I don't know what our price point is, but check the AML Code 332 Stainless Steel Track in the Silver State Trains site (there is a link near the beginning of the Forums menu). 
Best,
David Meashey


OBTW I start helping out at The Rail Yard on 11/23/13, so my Saturdays are spoken for until after Christmas from that date.


----------



## BigRedOne (Dec 13, 2012)

SVRR has six foot lengths of stainless flex track, and a selection of switches.


----------



## Dr Rivet (Jan 5, 2008)

BRO 

Remember... SVRR is ALL code 250; Aristo and AML are code 332 like LGB/USAT...


----------



## Ltotis (Jan 3, 2008)

I ordered some 6 foot lengths oh AML SS but won't be in until after the 1st of the year. 
LAO


----------



## CliffyJ (Apr 29, 2009)

John, you might want to get a sample of Train Li's nickel plated track. The plating is tough as nails, has the benefits of SS; and the track is generally cheaper than SS.


----------



## Robby D (Oct 15, 2009)

AML is going to be making in SS track. 
#6 switches 
8ft switches 
3ft & 6ft flex track 
and most curved sizes


----------



## catherine yronwode (Oct 9, 2013)

Newbie question: 

"SVRR is ALL code 250; Aristo and AML are code 332 like LGB/USAT..." 
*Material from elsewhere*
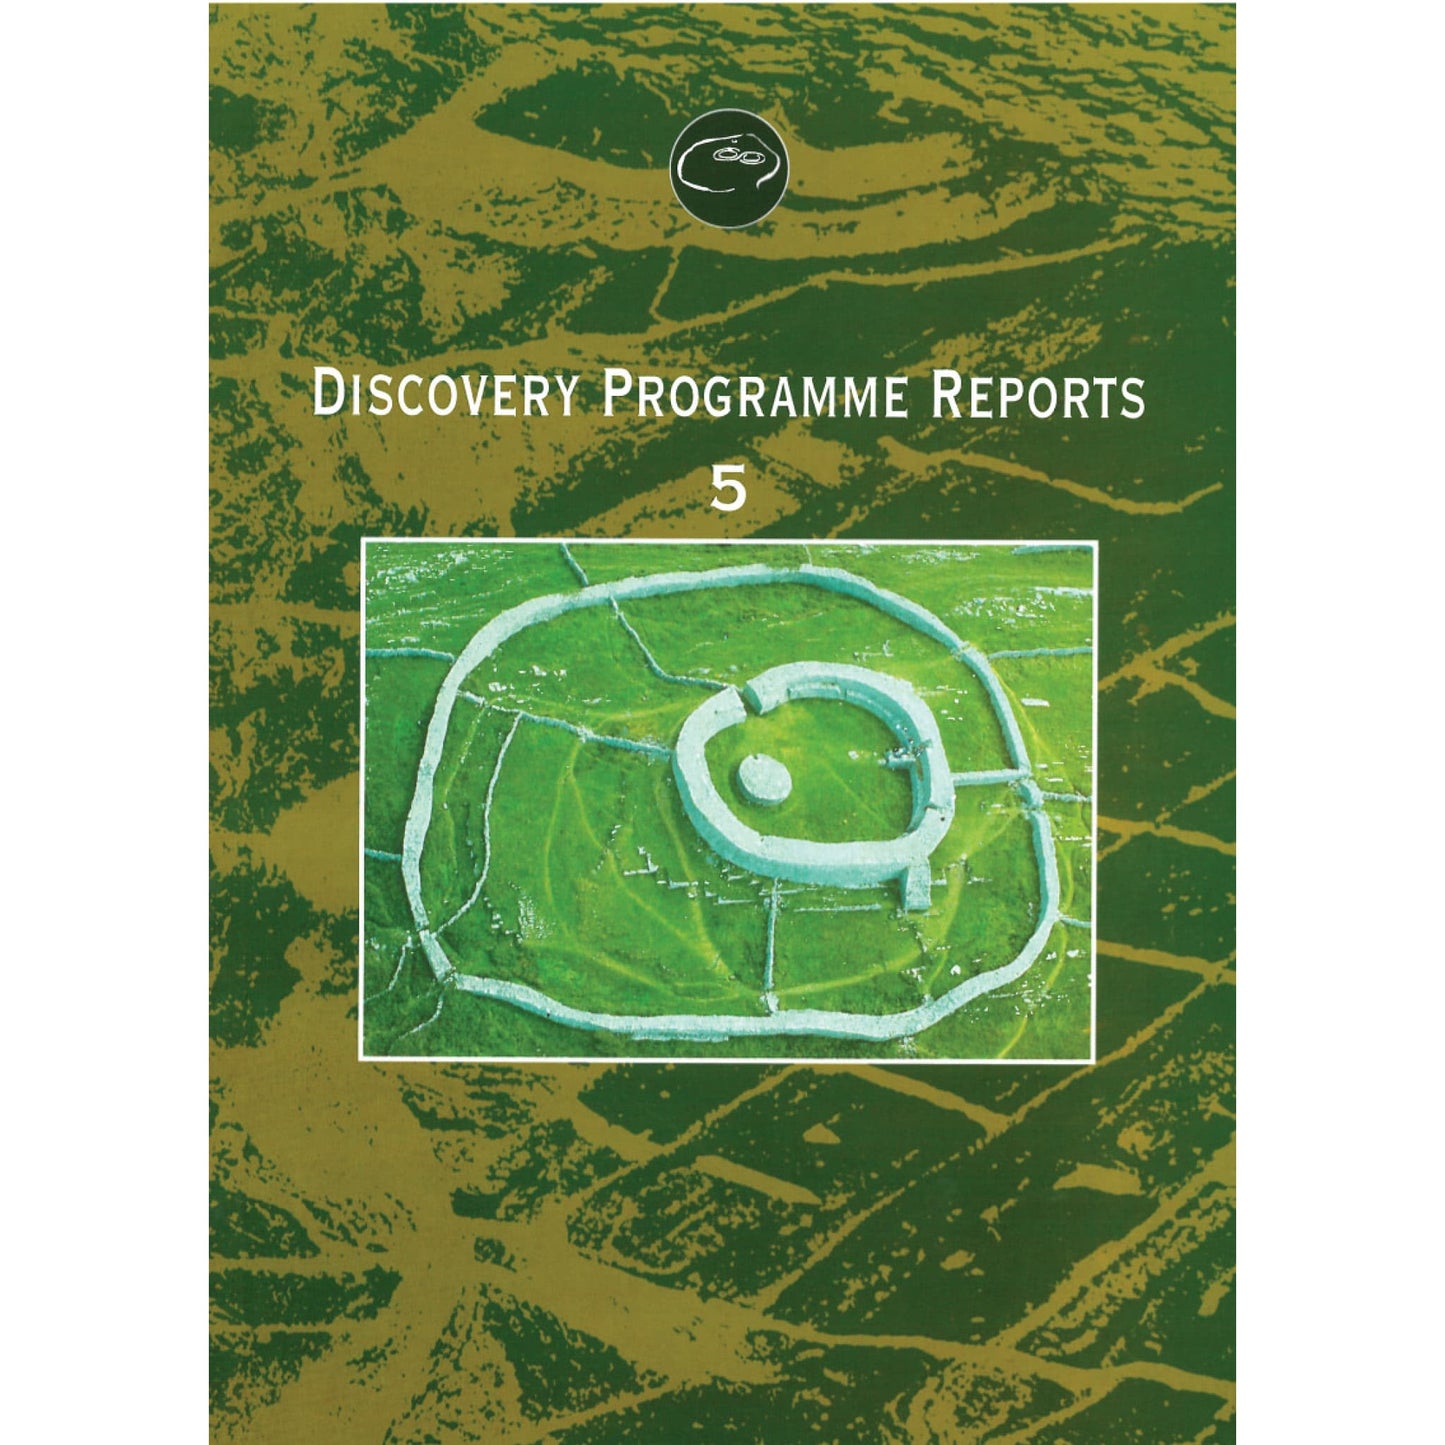 Discovery Programme Reports: No. 5: Project Results 1997

1) What are the differences between code 250 and code 332 

2) Can you run both on the same layout or should all your SS track have the same code #? 

3) Which is code # preferred by most long-time people in the hobby (that is on long-time layouts??


----------



## chuck n (Jan 2, 2008)

The short answer is that the number is the decimal height in inches of the rail. Code 332 is 0.332 inches high and code 250 is 0.250 inches high. There are rail joiners that will bring the rails together to match the top of the rail head.


Chuck


----------



## livesteam53 (Jan 4, 2008)

Hopefully we will be seeing Stainless Steel track from AML by the end of this year. 
I been riding them hard to get it done. We all need it!


----------



## wgn4884 (May 23, 2013)

H&R Trains web site shows SS track for sale. 

http://www.hrtrains.com/trkprice.html 

I have not seen any of this track, so can't comment on it. 

Bill in Georgia


----------